++++ Stored data ++++
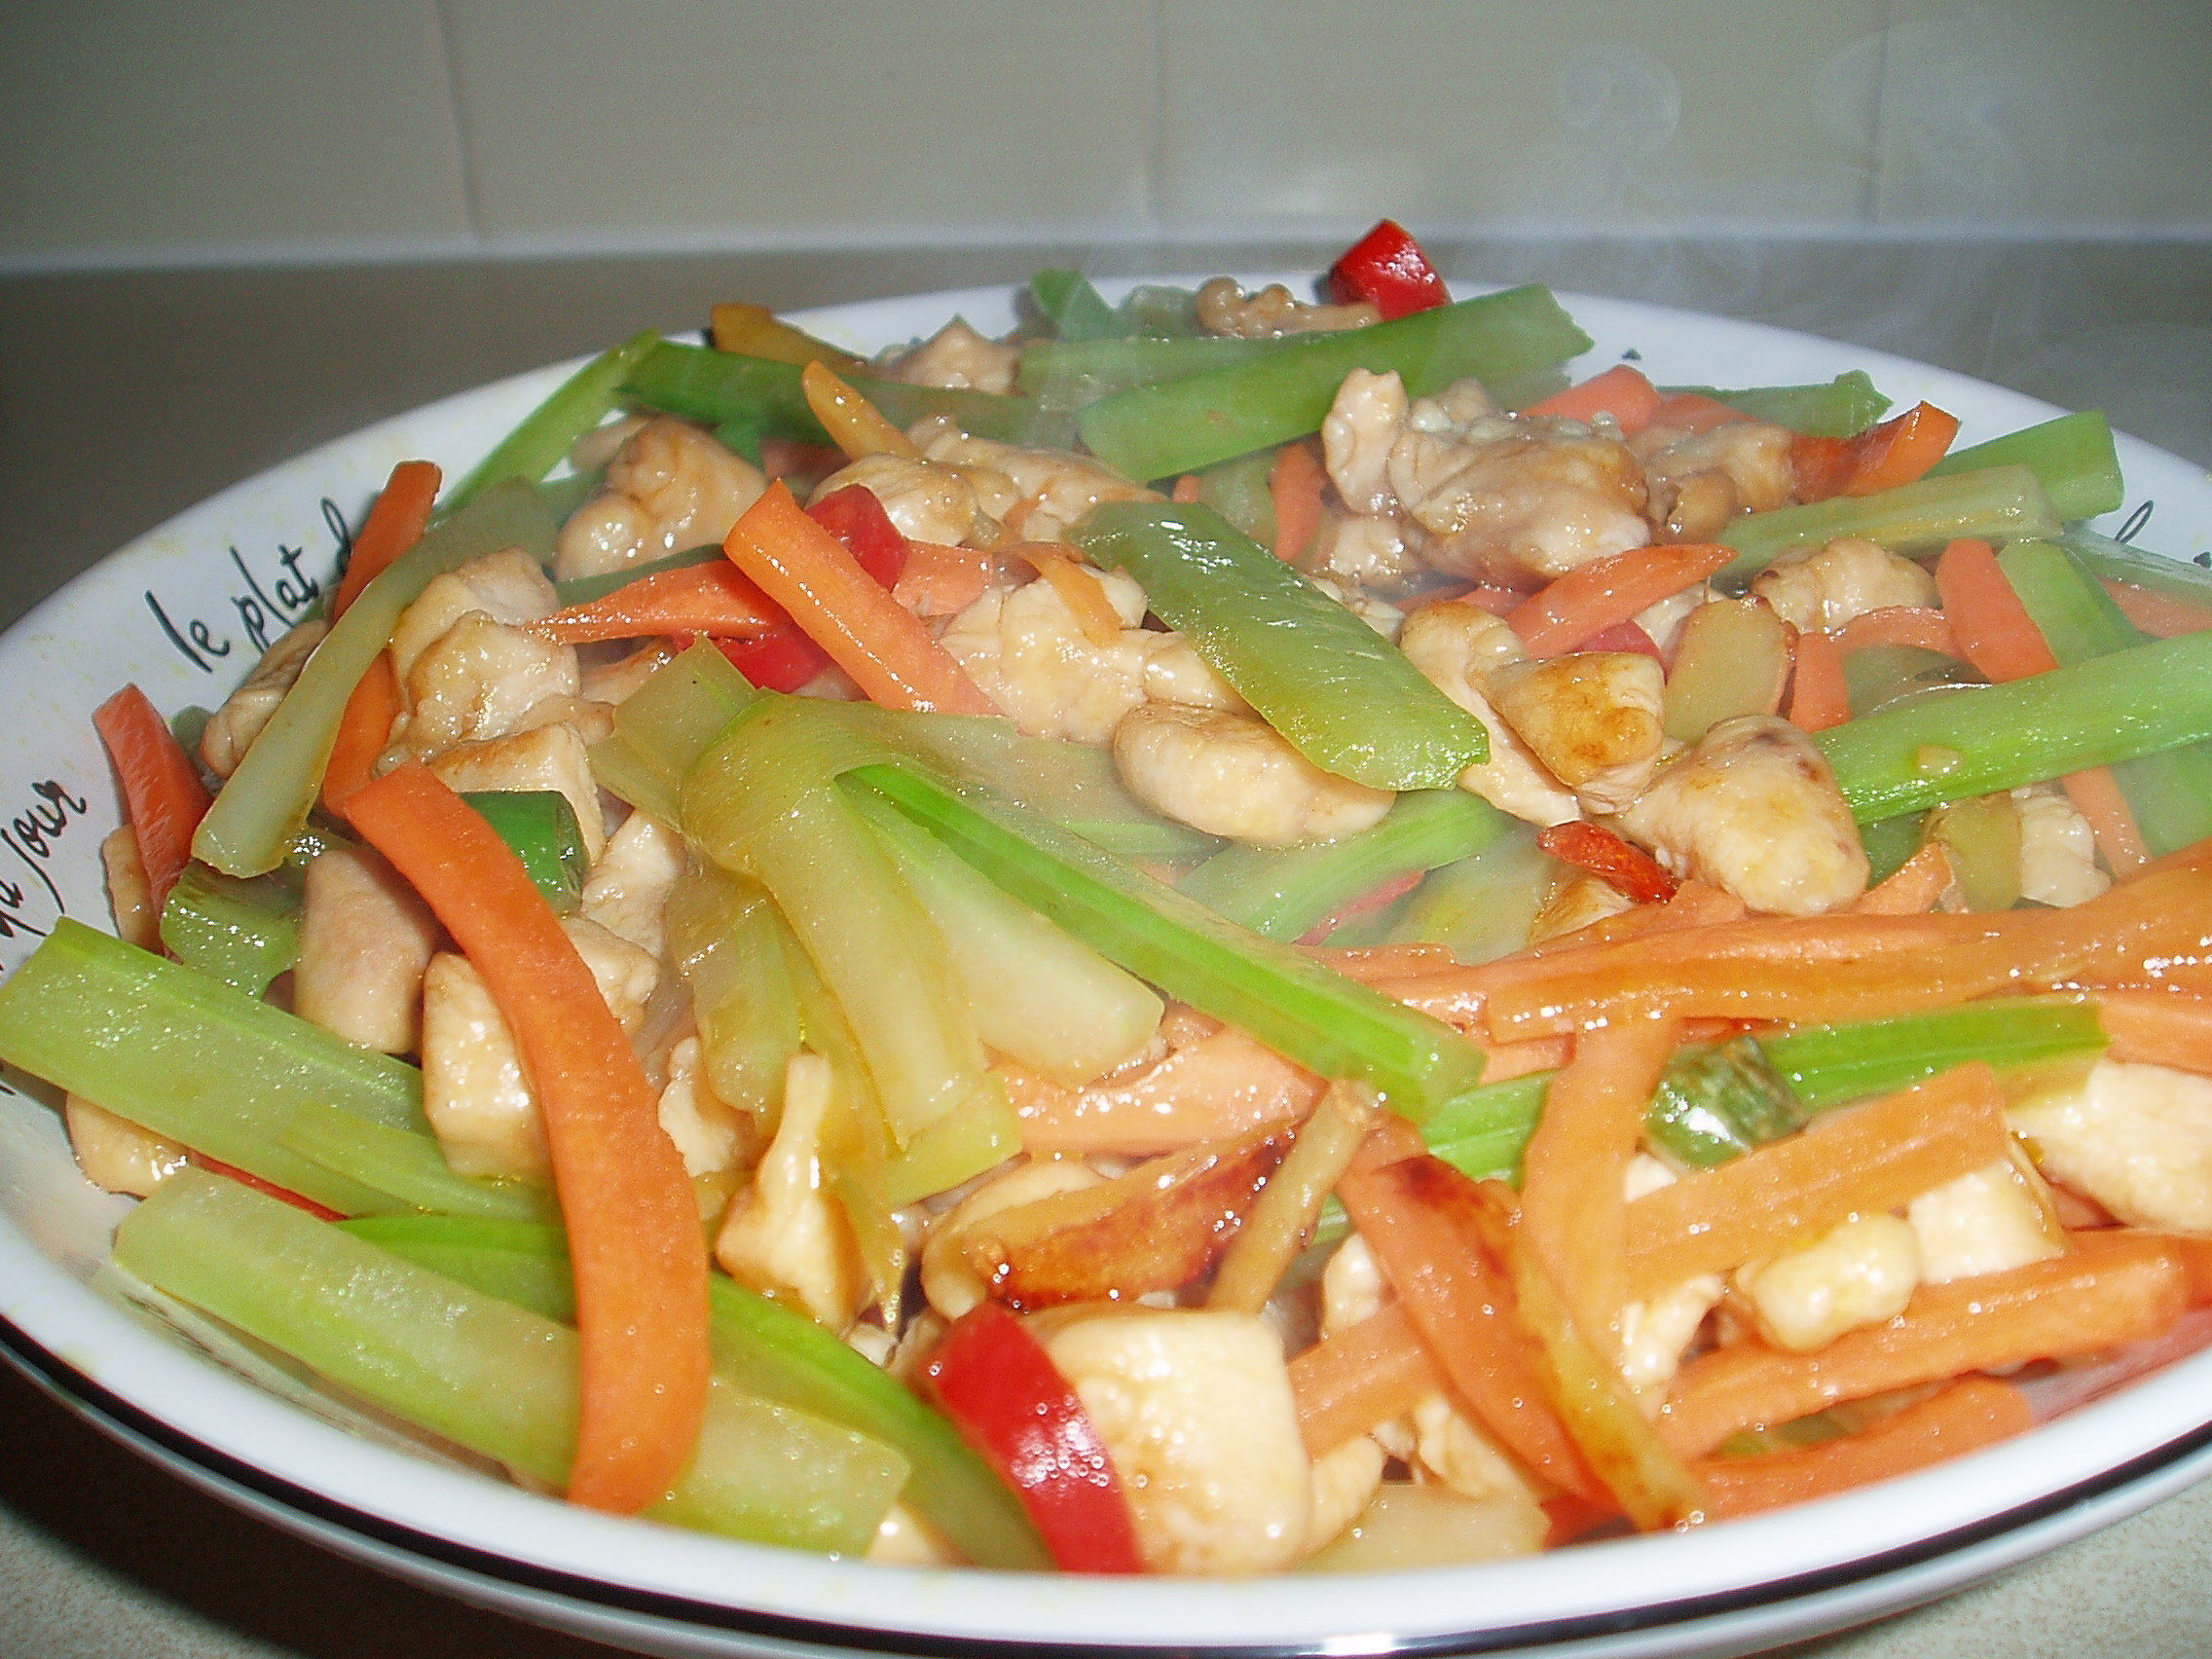 Stir Fry Chicken Breasts
 Spicy Chinese stir fry chicken breast recipe All recipes UK
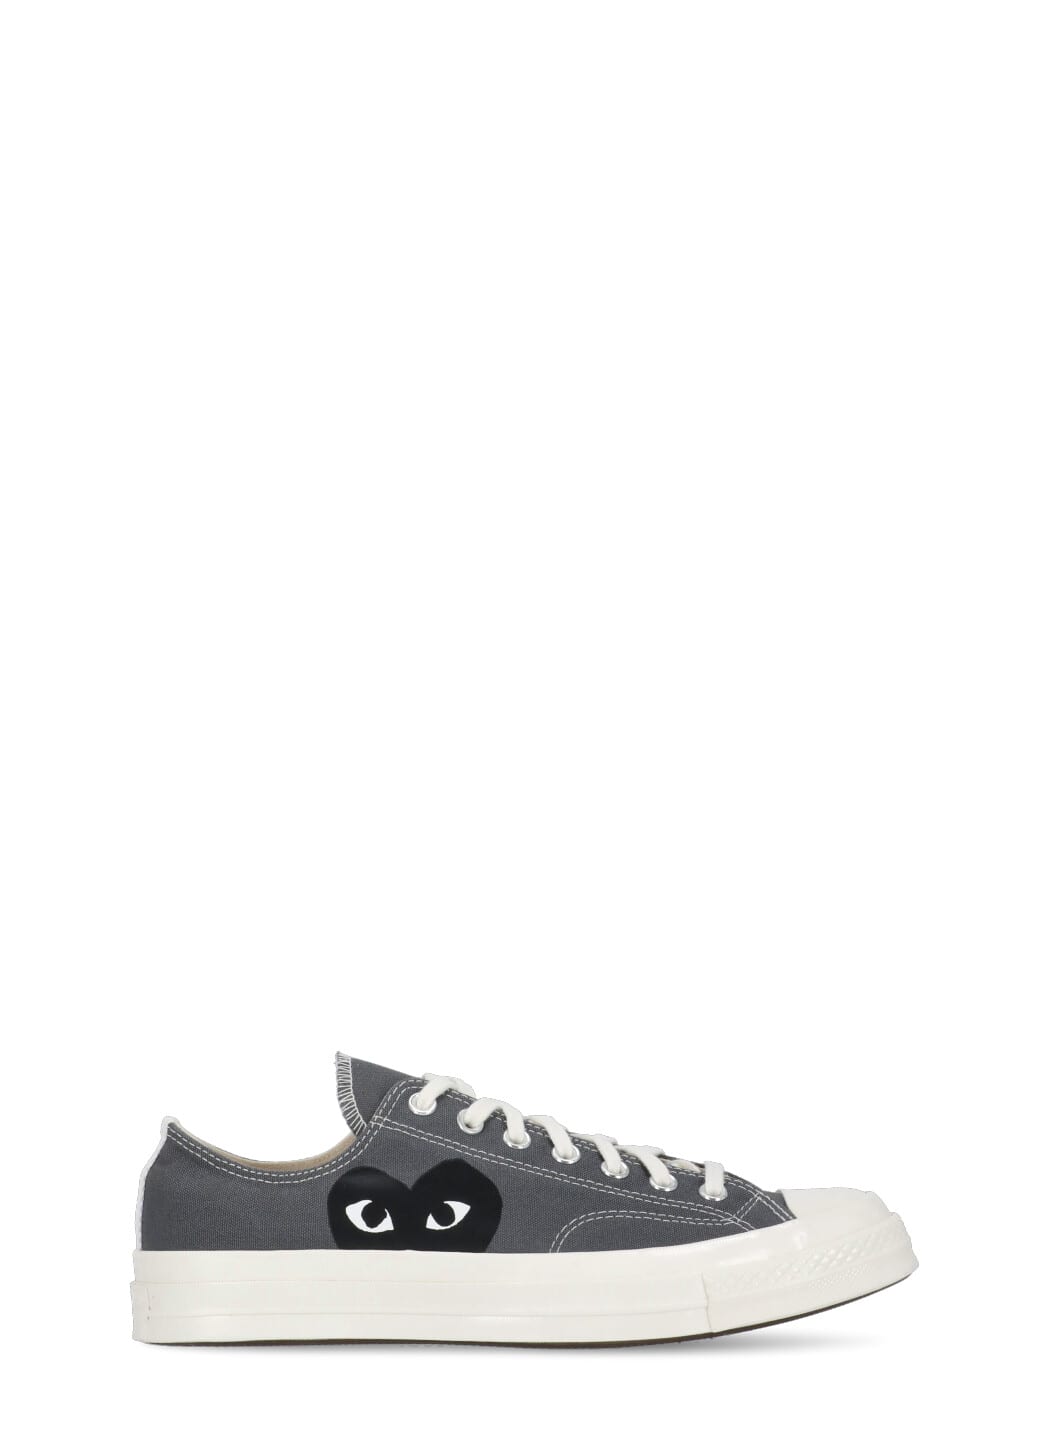 Comme Des Garçons Play Chuck Taylor Sneakers In Grey
++++
— Description of the task —
Without changing a word, retype the data above and omit its pictures.

— Reply to the exercise —
 Stir Fry Chicken Breasts
 Spicy Chinese stir fry chicken breast recipe All recipes UK
 Comme Des Garçons Play Chuck Taylor Sneakers In Grey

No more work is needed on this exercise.